** What the exercise asks **
Please reproduce the listing in its entirety, exactly as written, but without images.

** Dataset extract **
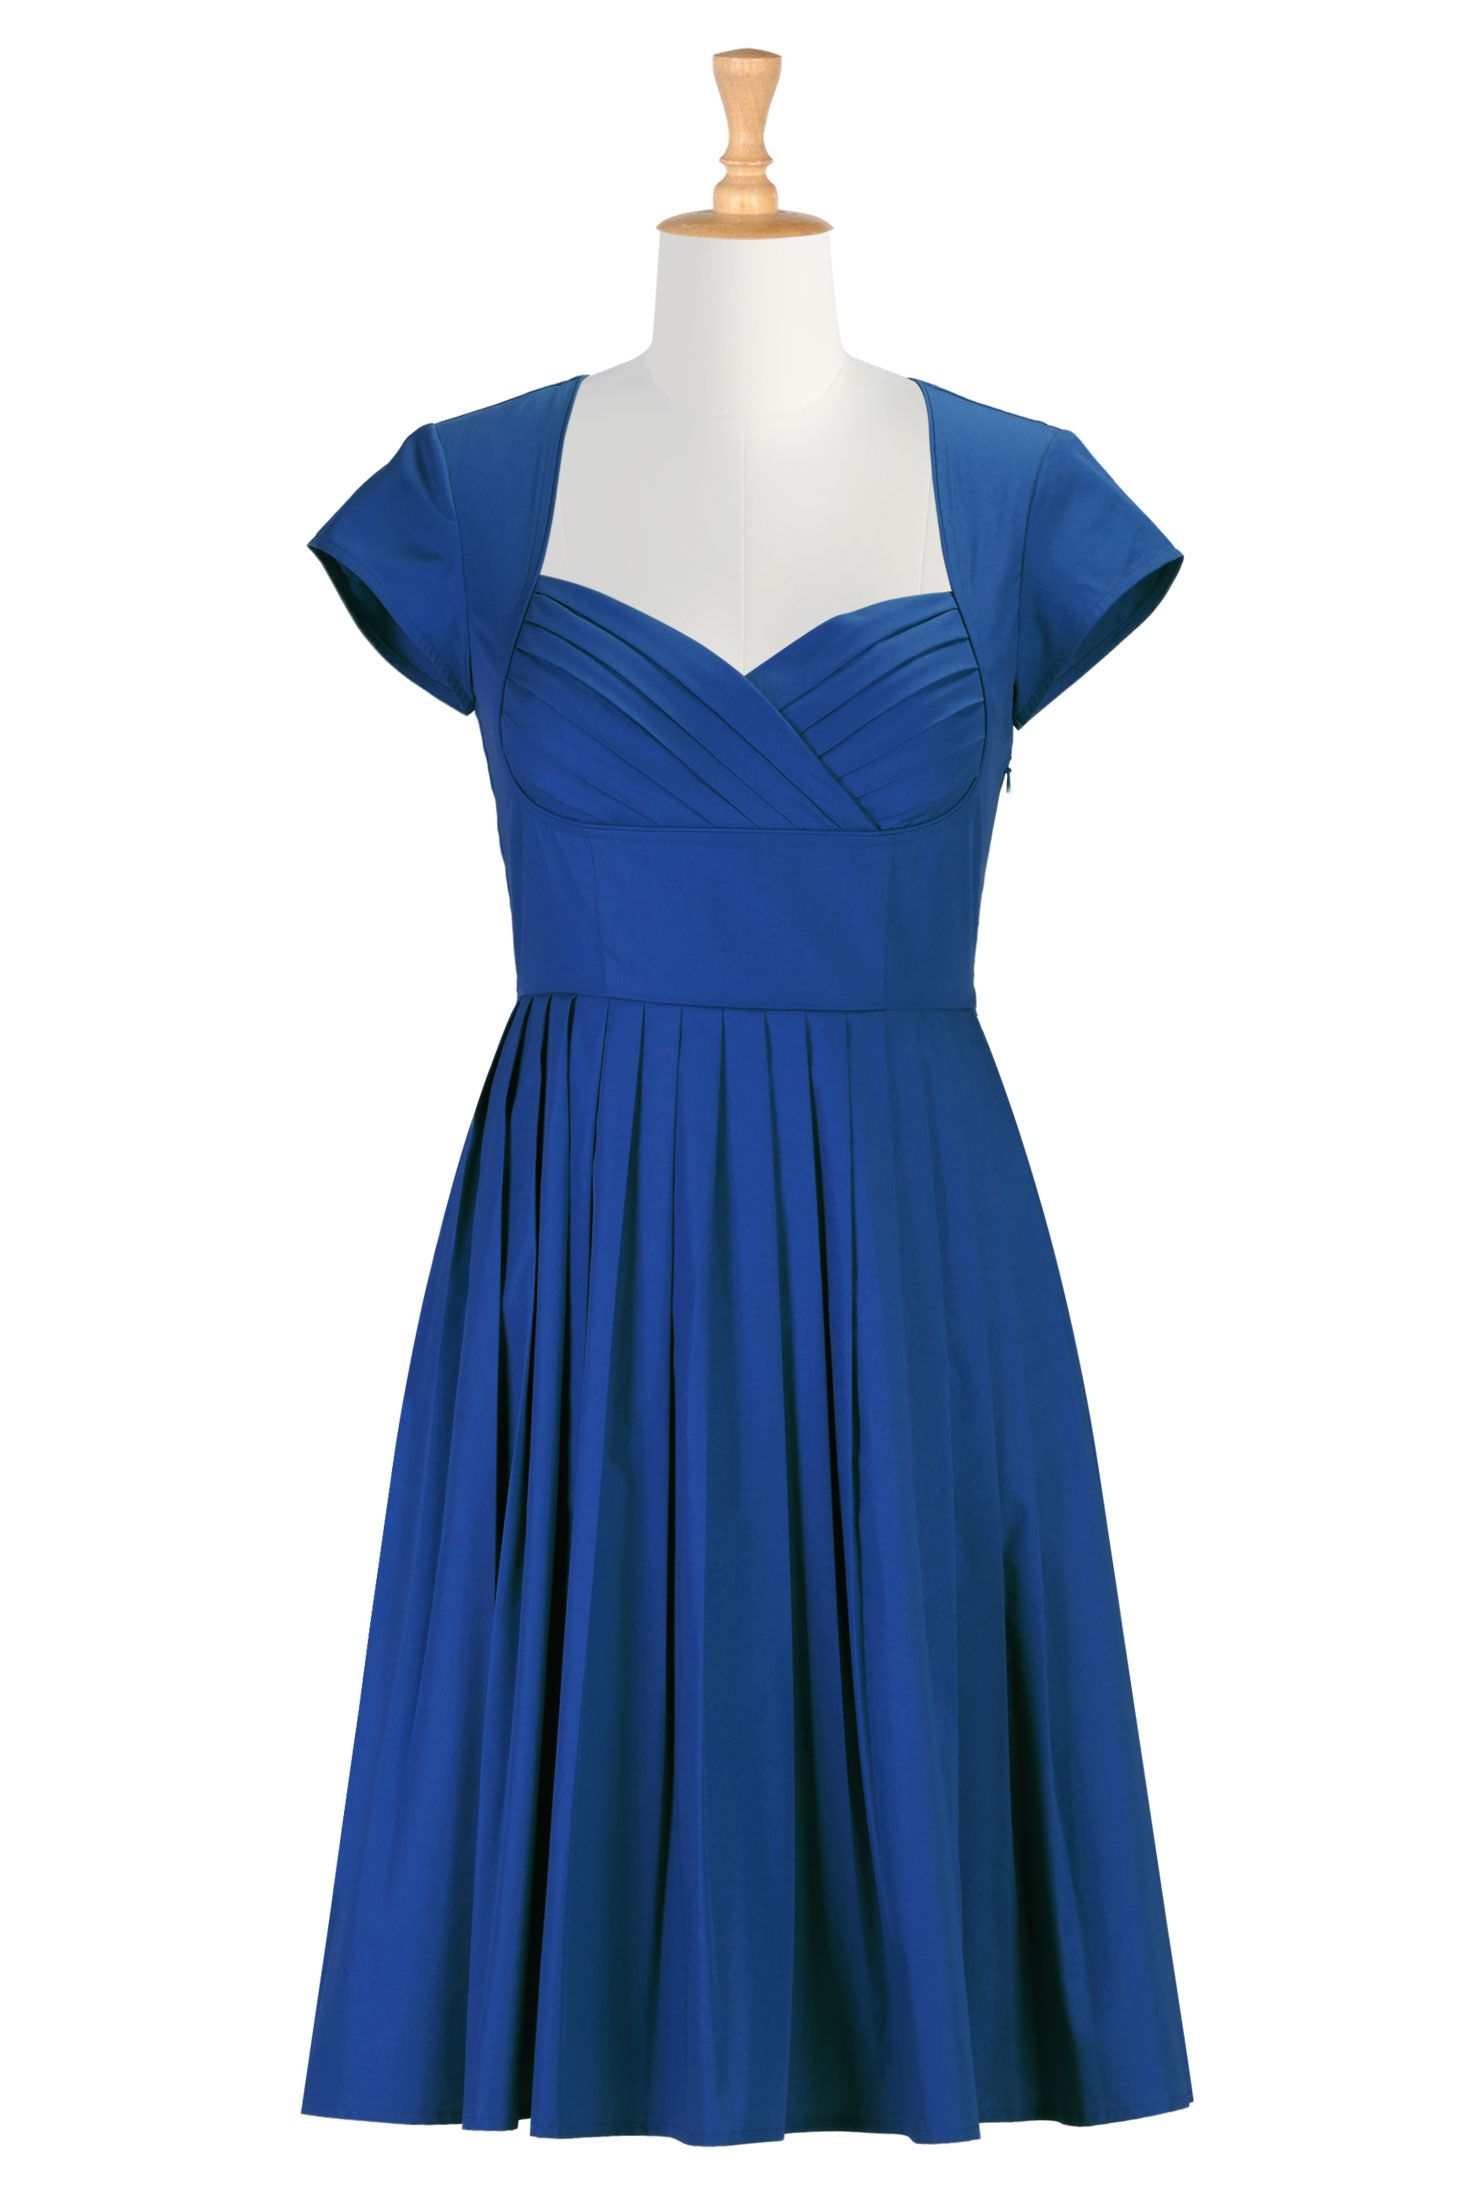 Royal Blue Dress , Plus Size Evening Dress Shop womens designer cloth
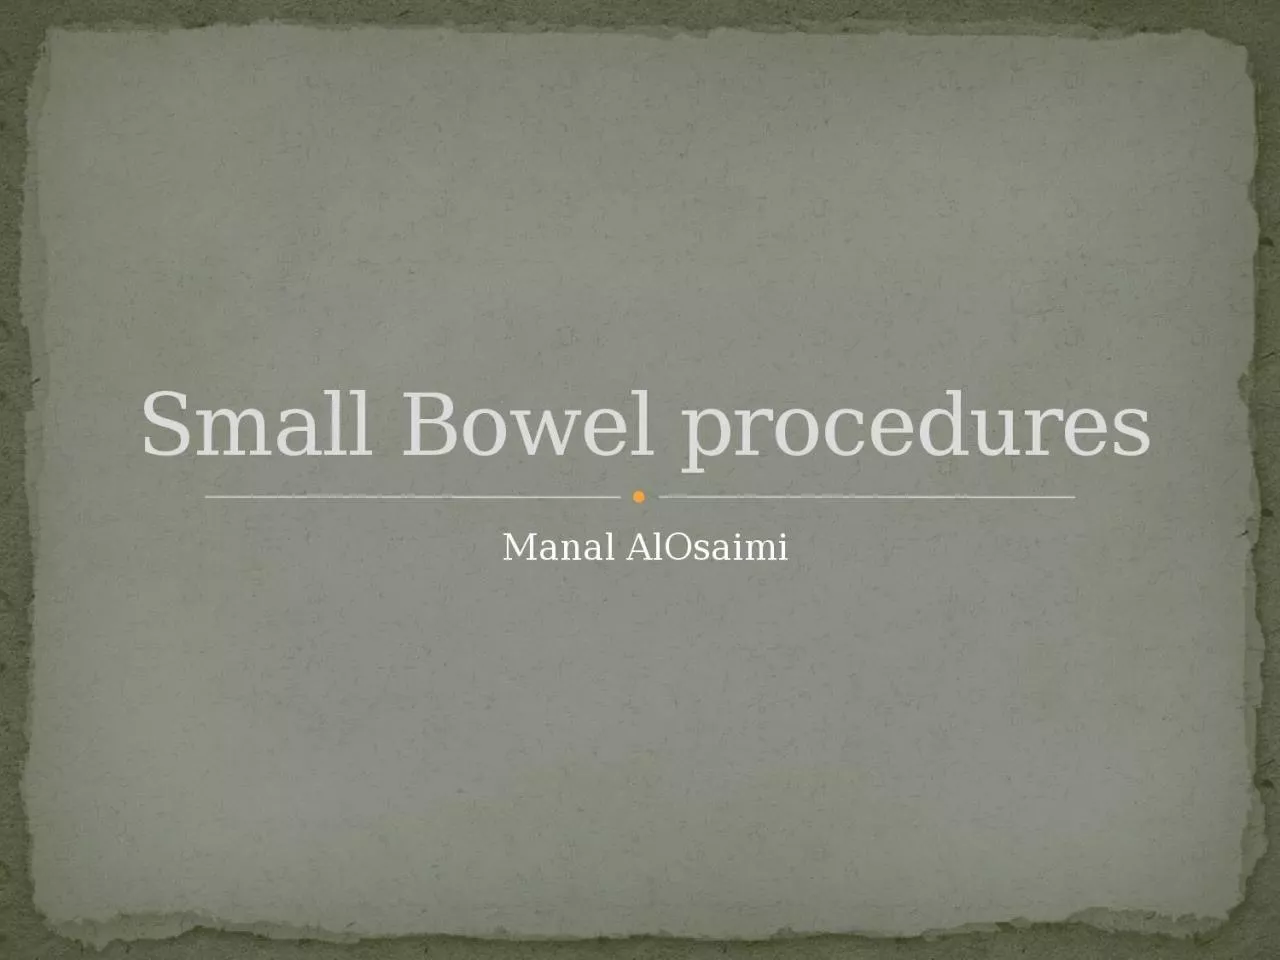 Manal  AlOsaimi Small Bowel procedures
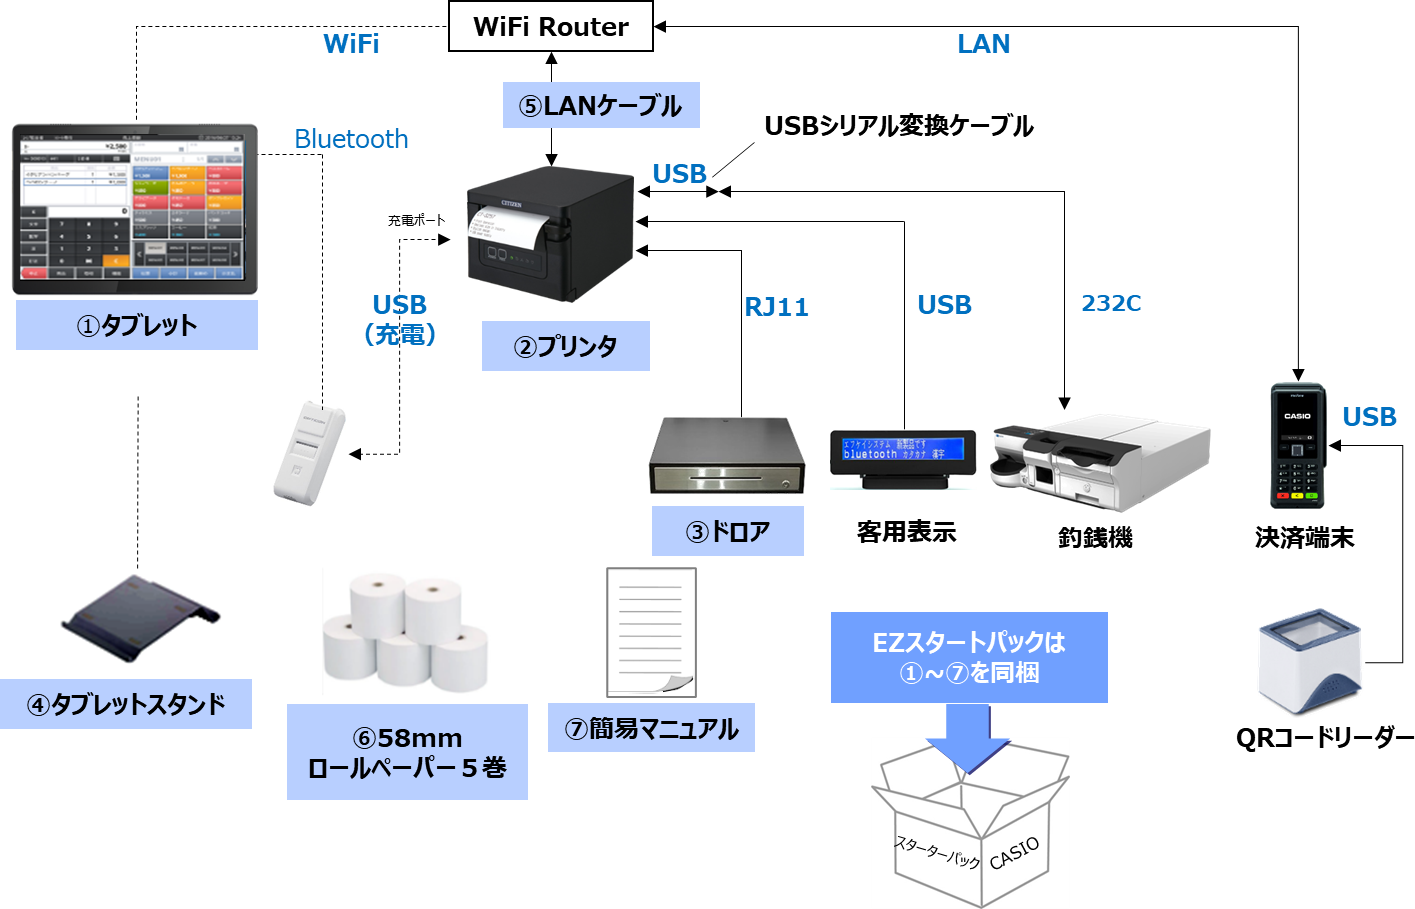 EZネットレジのシステム構成
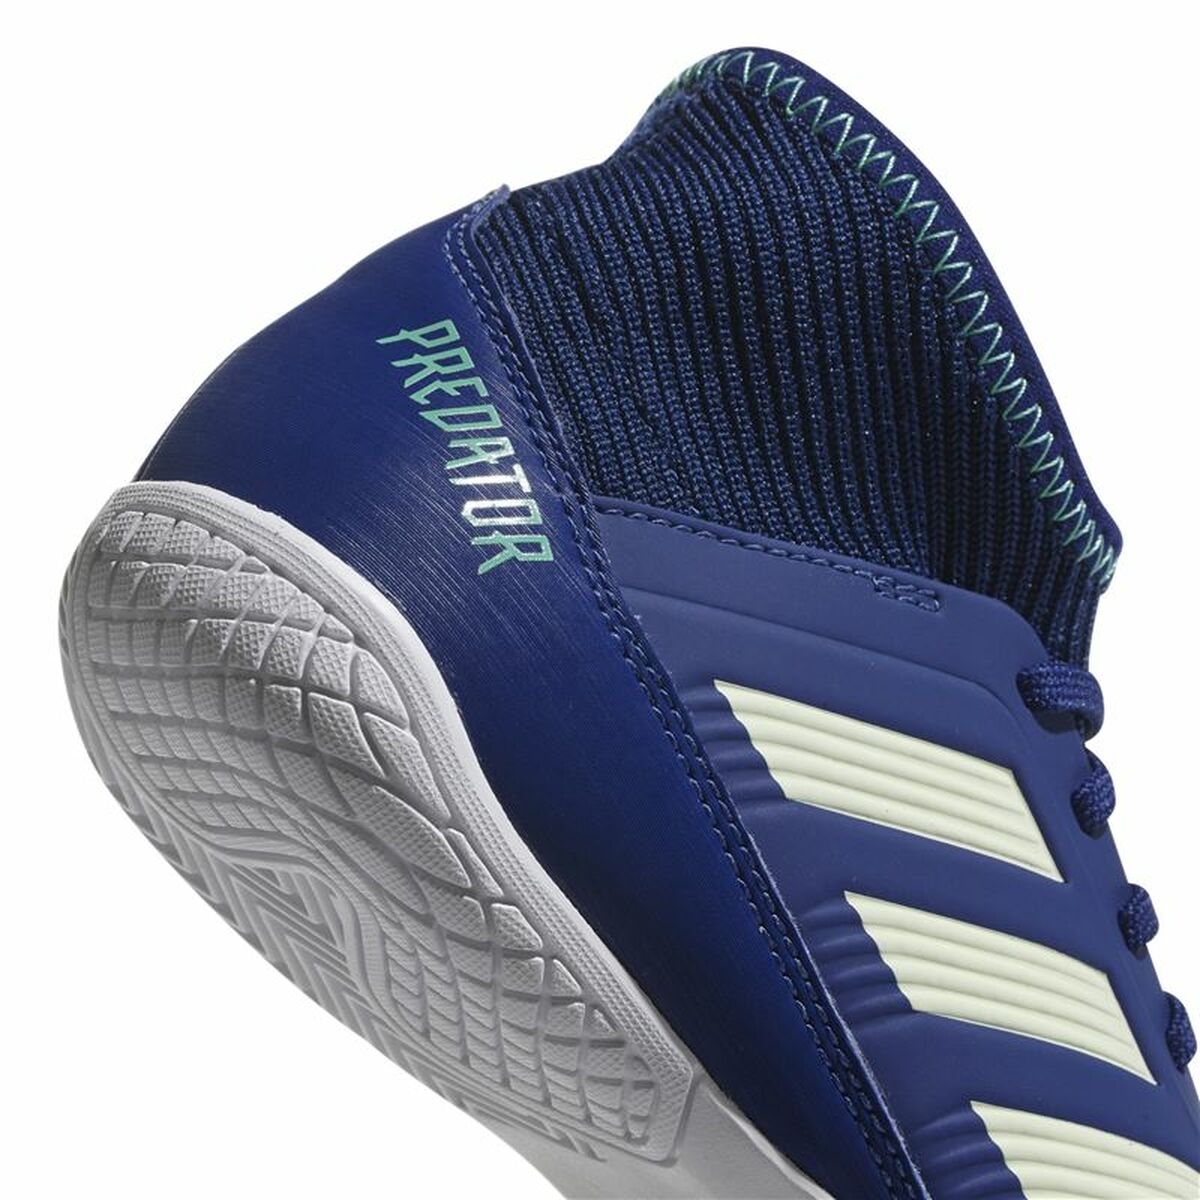 Indoor Football Shoes Adidas Predator Tango Dark blue Boys

** Exercise result **
 Royal Blue Dress , Plus Size Evening Dress Shop womens designer cloth
 Manal  AlOsaimi Small Bowel procedures
 EZネットレジのシステム構成
 Indoor Football Shoes Adidas Predator Tango Dark blue Boys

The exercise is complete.